Она открыла глаза и сказала тихо и внятно:
— Хорошо.
И отвернулась.
— Больная. Совсем больная, — поверил он наконец.
…Опустив покрасневшие глаза, зажав лоб широкими кистями, которые еще несколько лет будут издавать военный запах металлической гари, он молча сидел у стола.

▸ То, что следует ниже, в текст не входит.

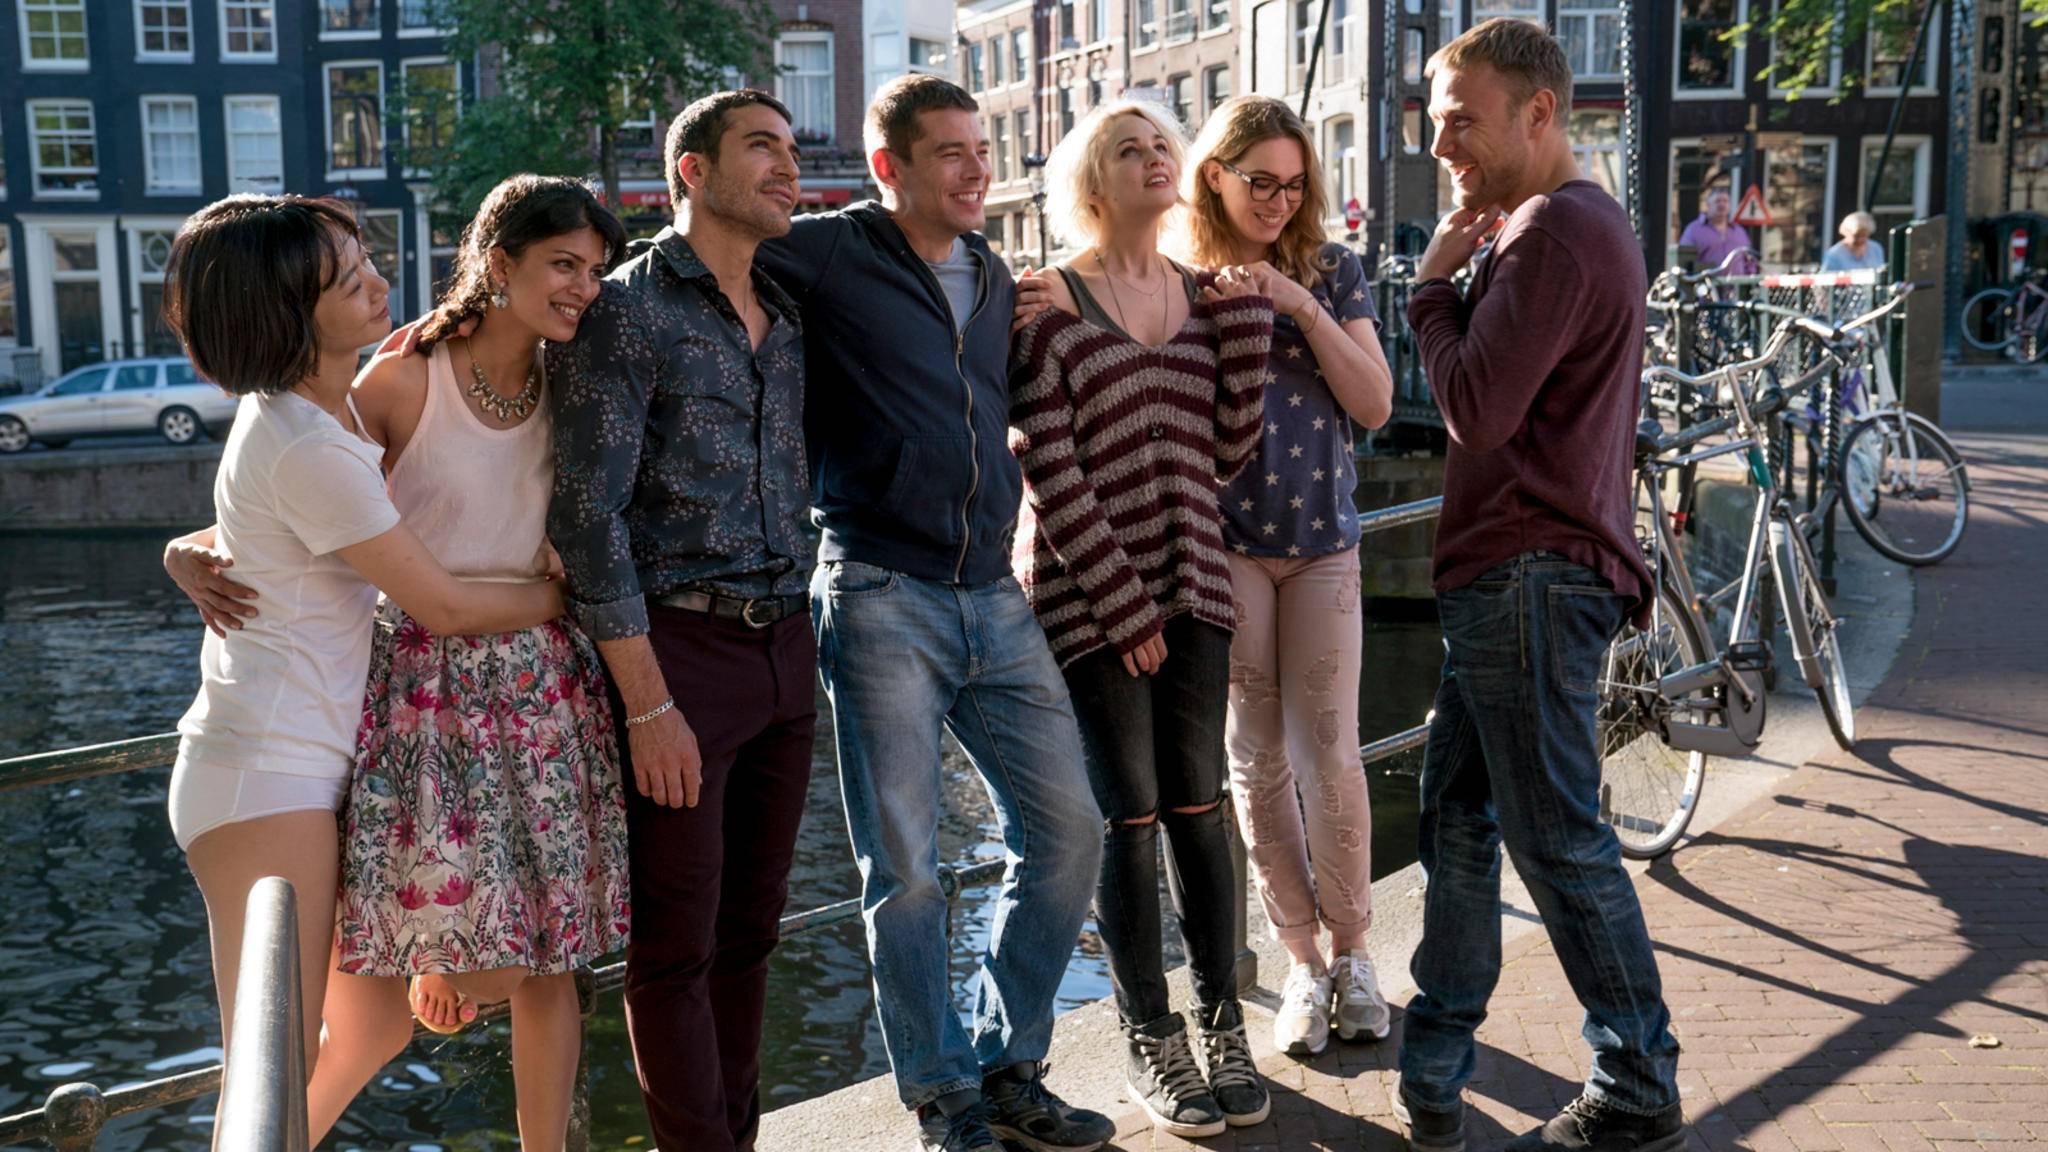 """Kein Wiedersehen mit den Sensates! Staffel 3 von """"Sense8"""" wird nicht kommen – daran ändert auch eine Petition nichts."""

Эмма Ашотовна металась между орущими внучками, безучастной дочерью и безмолвным зятем. Она сверкала крупными камнями на изработанных руках, шуршала старым шелковым платьем павлиньего цвета и говорила красивым низким голосом с гортанными, никогда не исчезающими у армян звуками, говорила торжественно и одновременно обыденно:
— Ты пришел, Серго. Ты пришел. Столько полегло, а ты пришел. Имя твое три года не сходило с ее уст днем и ночью. Вот такую свечу за тебя держала перед Господом. Детки твои, и они две свечечки были за тебя…
Серго не отнимал рук ото лба. Жена его была изменница и «би-лядь», хотя и больная, дети — чужие. Но чугунные небеса, которые он носил на своих окаменевших плечах, дрогнули.

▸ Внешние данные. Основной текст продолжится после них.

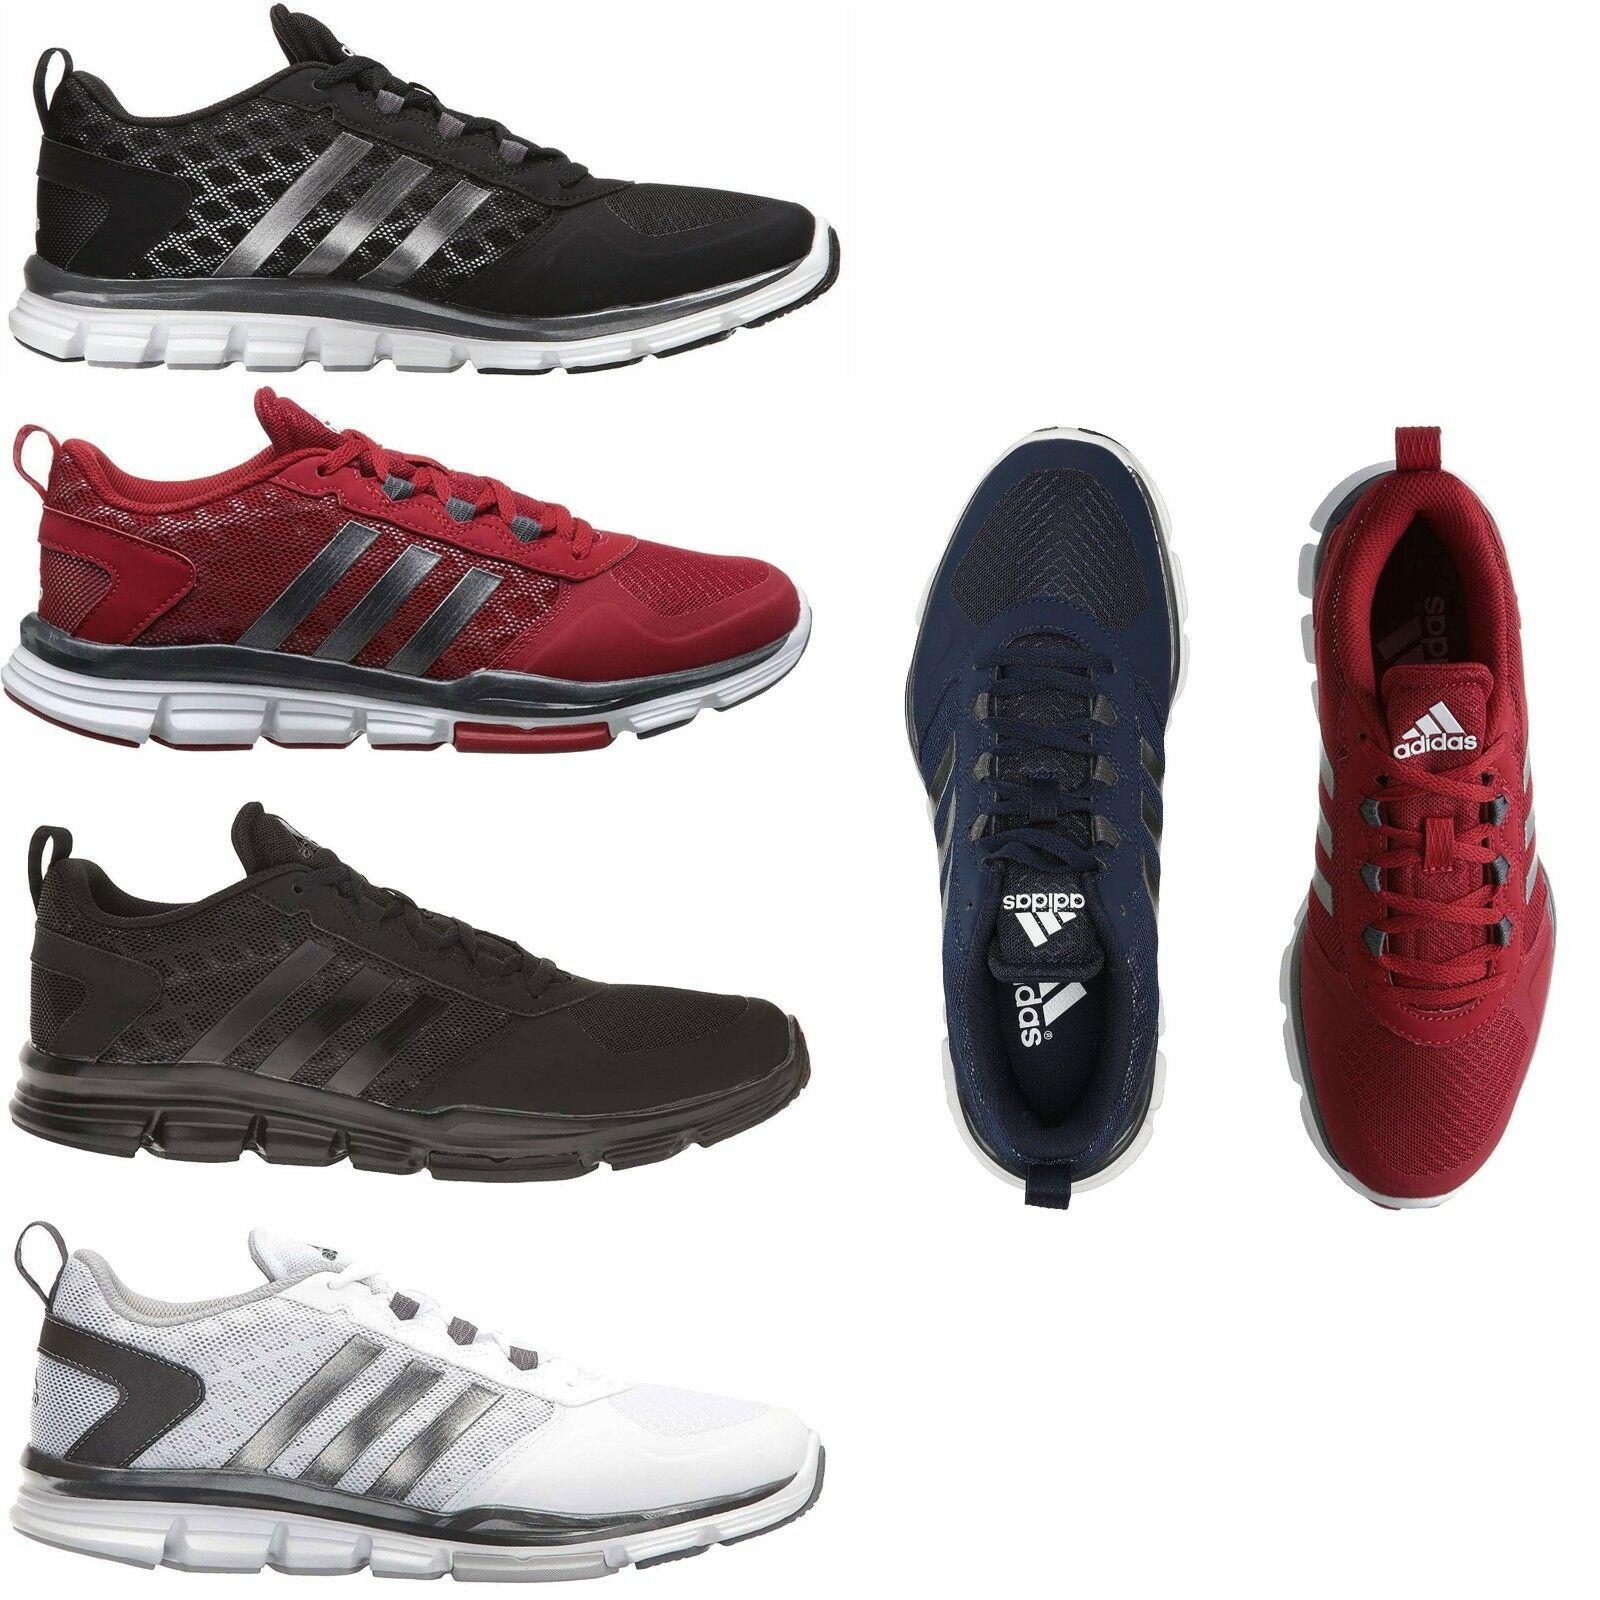 Adidas Men s Speed Trainer 2.0 Futófelületes edzőcipő futócipő

А Эмма Ашотовна почуяла это движение и поняла, что вся их жизнь решается в эту минуту и все зависит от того, сможет ли она сказать сейчас все правильно и с добром. Весь черный комок гнева и ярости, который собрался в ней за эти годы против Серго, она, как ей казалось, собрала в левую руку и крепко сжала его в горсти…
Вершинную минуту переживала она. Впервые в жизни остро чувствовала она, что ей не хватает ума, знания жизни, красноречия, и она молила о помощи. Господи, сделай так! Господи, сделай! — отчаянно кричала ее душа, но она продолжала говорить с лицом спокойным и радостным:
— Твой дом ждал тебя, Серго… Вот чашка твоя, смотри… Маргарита не велела трогать… Книги твои и тетради старые стоят как стояли… Дождались мы, дождались тебя… Только Александра Арамовича нет с нами… Дети твои дождались тебя, Серго. Я знаю, она теперь встанет…
Плакали за дверью дети. За другой лежала его больная жена. Теща говорила слова, которых он почти и не слышал. Горькие, тяжелые небеса трескались, двигались, опадали кусками. Гулкая боль шла от сердца по всему телу — как будто с него спадали запекшиеся черные куски окалины, — и в этой боли была сладость освобождения от многолетней муки. Эти чужие дети плакали. Их плач касался свежих разломов его сердца и отзывался на них. Он принимал этих чужих детей, рожденных в преступной связи его жены бог знает с кем, может, и не с тем музыкантом.